February 10, 2020

Become a Data Scientist in 2020 with these 5 resources

I am a Mechanical engineer by education. And I started my career with a core job in the steel industry.

With those heavy steel enforced gumboots and that plastic helmet, venturing around big blast furnaces and rolling mills. Artificial safety measures, to say the least, as I knew that nothing would save me if something untoward happens. Maybe some running shoes would have helped. As for the helmet. I would just say that molten steel burns at 1370 degrees C.

As I realized based on my constant fear, that job was not for me, and so I made it my goal to move into the Analytics and Data Science space somewhere around in 2011. From that time, MOOCs have been my goto option for learning new things, and I ended up taking a lot of them. Good ones and bad ones. More additional Info At Data Science Online Training

Now in 2020, with the Data Science field changing so rapidly, there is no shortage of resources to learn data science. But that also often poses a problem for a beginner as to where to start learning and what to learn? There are a lot of great resources on the internet, but that means there are a lot of bad ones too.

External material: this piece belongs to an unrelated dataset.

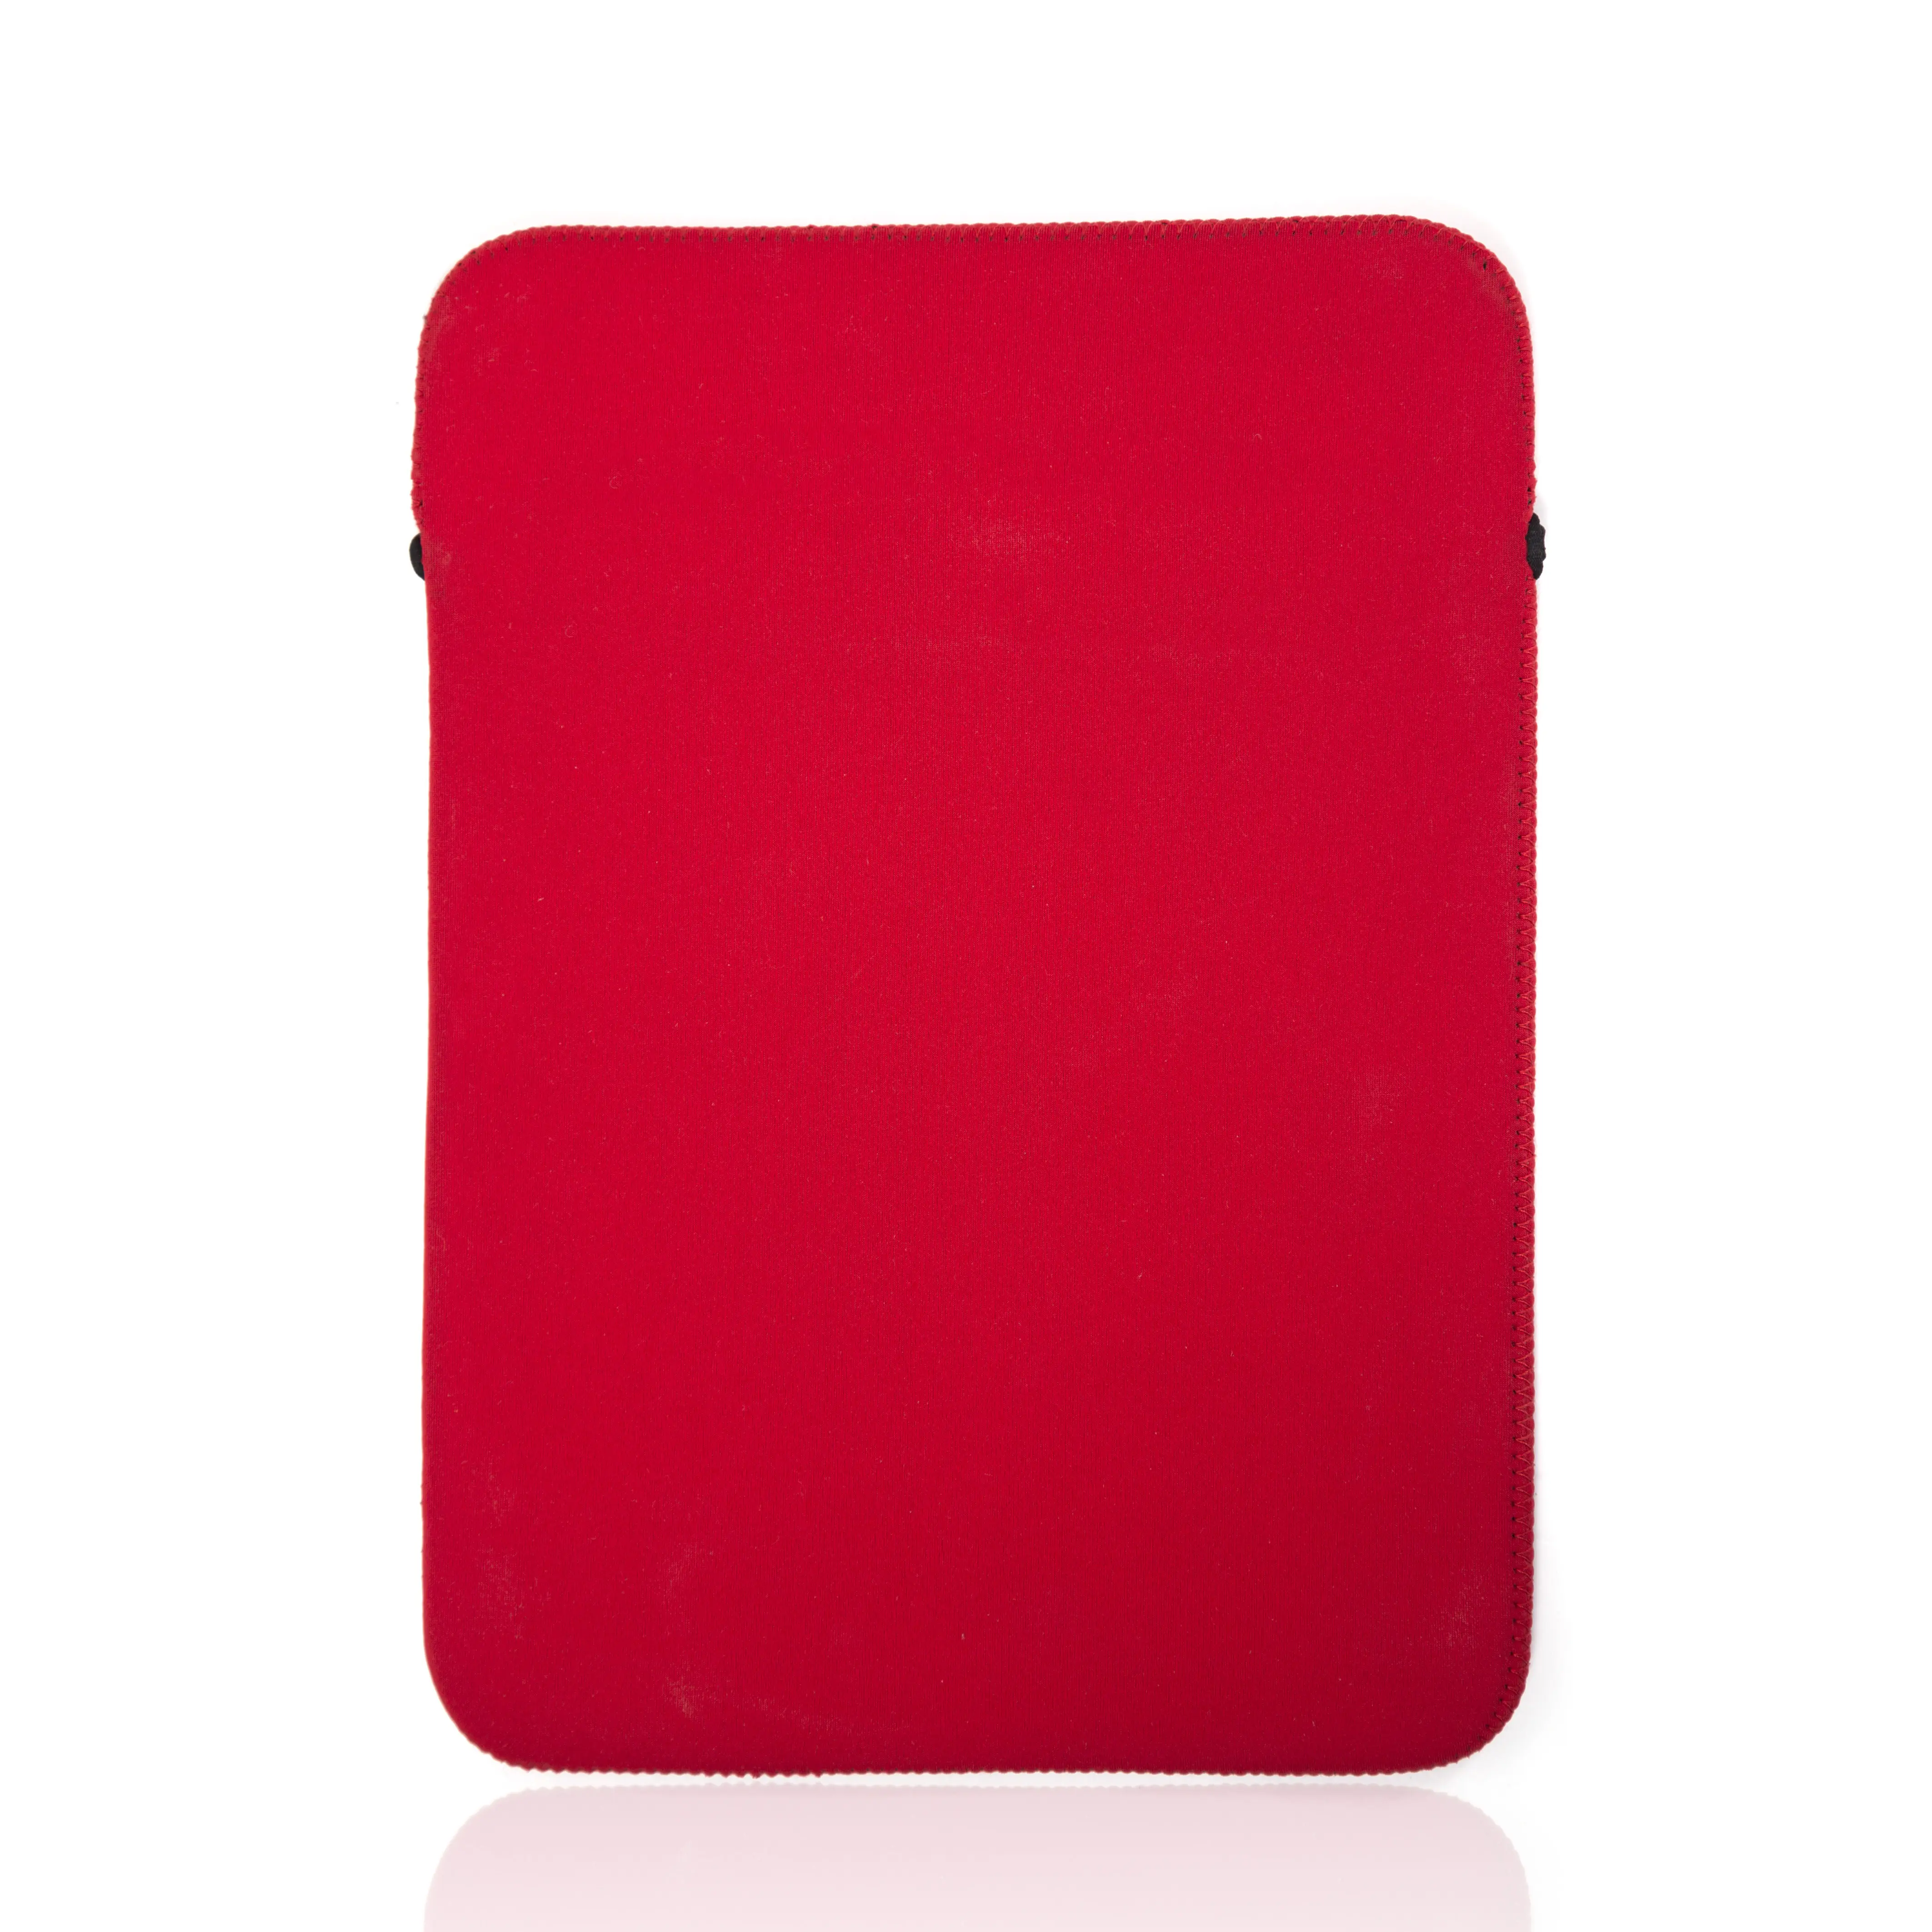 Hochwertige, maßge schneiderte Reise-Laptop tasche mit Neopren-Ärmel tasche für die werkseitig hergestellte iPad-Tasche für Handelsmarken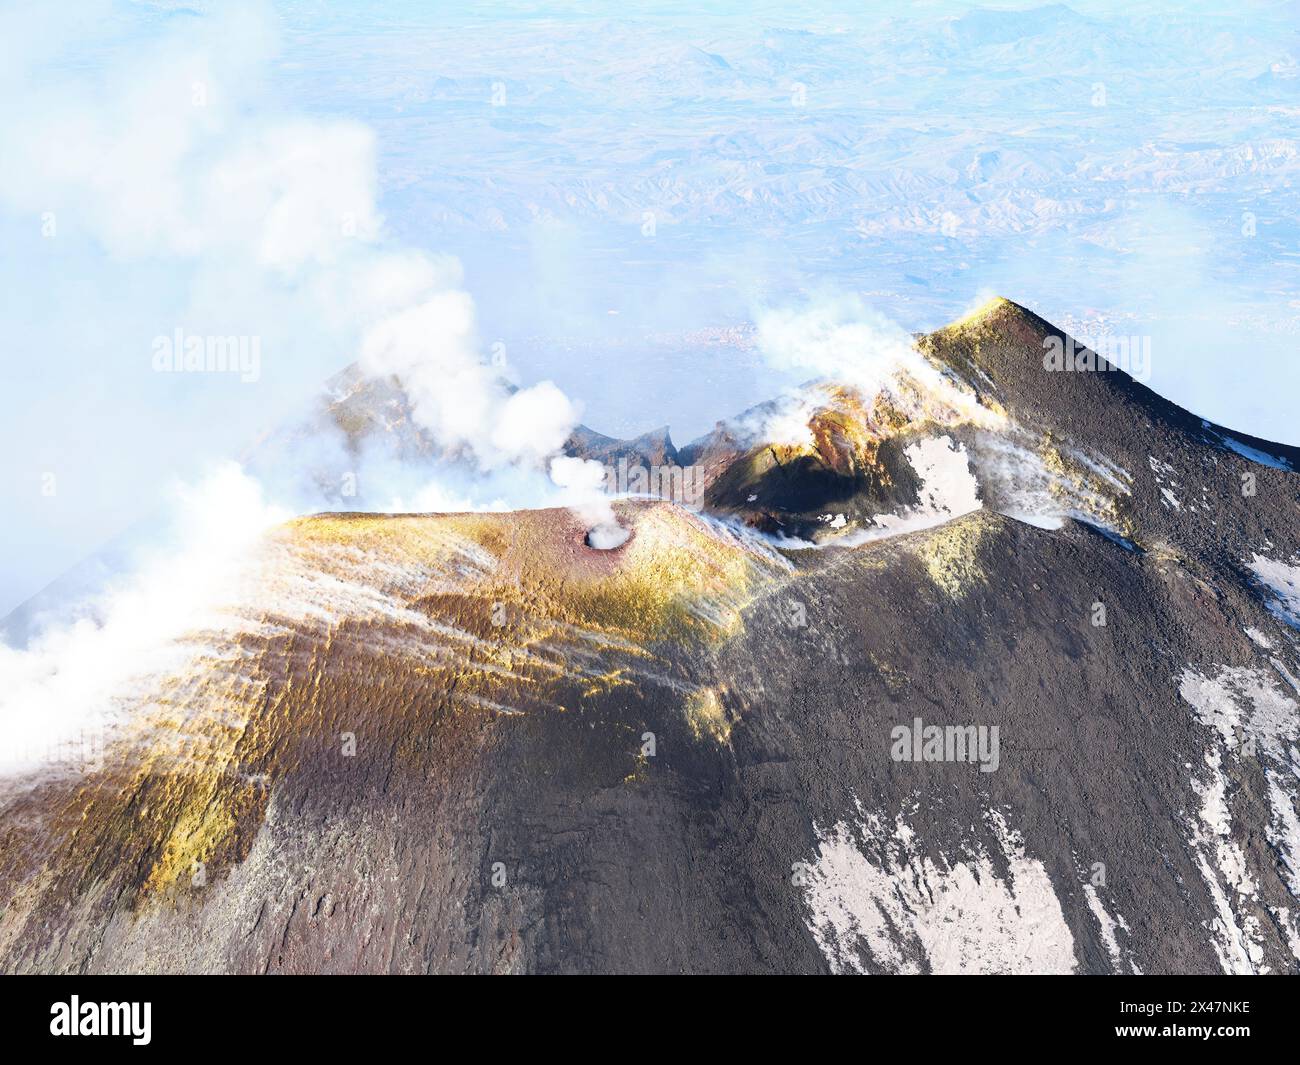 VUE AÉRIENNE. Le sommet de l'Etna avec les cratères Sud-est et Nouveau Sud-est. Ville métropolitaine de Catane, Sicile, Italie. Banque D'Images

1) Python 3 Programming Specialization

First, you need a programming language. This specialization from the University of Michigan is about learning to use Python and creating things on your own.

You will learn about programming fundamentals like variables, conditionals, and loops, and get to some intermediate material like keyword parameters, list comprehensions, lambda expressions, and class inheritance.

You might also like to go through my Python Shorts posts while going through this specialization.

2) Applied Data Science with Python

This specialization inApplied Data Science with Python gives an intro to many modern machine learning methods that you should know about. Not a thorough grinding, but you will get the tools to build your models.

3) Machine Learning Theory and Fundamentals

After doing these above courses, you will gain the status of what I would like to call a “Beginner.”

Yet, you do not fully understand all the math and grind that goes behind all these models.

You need to understand what goes behind the clf.fit. Its time to face the music. Nobody is going to take you seriously till you understand the Math behind your models.

4) Learn Statistical Inference

You will learn about hypothesis testing, confidence intervals, and statistical inference methods for numerical and categorical data.

5) Learn SQL Basics for Data Science

While we feel much more accomplished by creating models and coming up with the different hypotheses, the role of data munging can’t be understated.

And with the ubiquitousness of SQL when it comes to ETL and data preparation tasks, everyone should know a little bit of it to at least be useful. Read on to Find more Python Online Training

SQL has also become a de facto standard of working with Big Data Tools like Apache Spark. This SQL specialization from UC Davis will teach you about SQL as well as how to use SQL for distributed computing.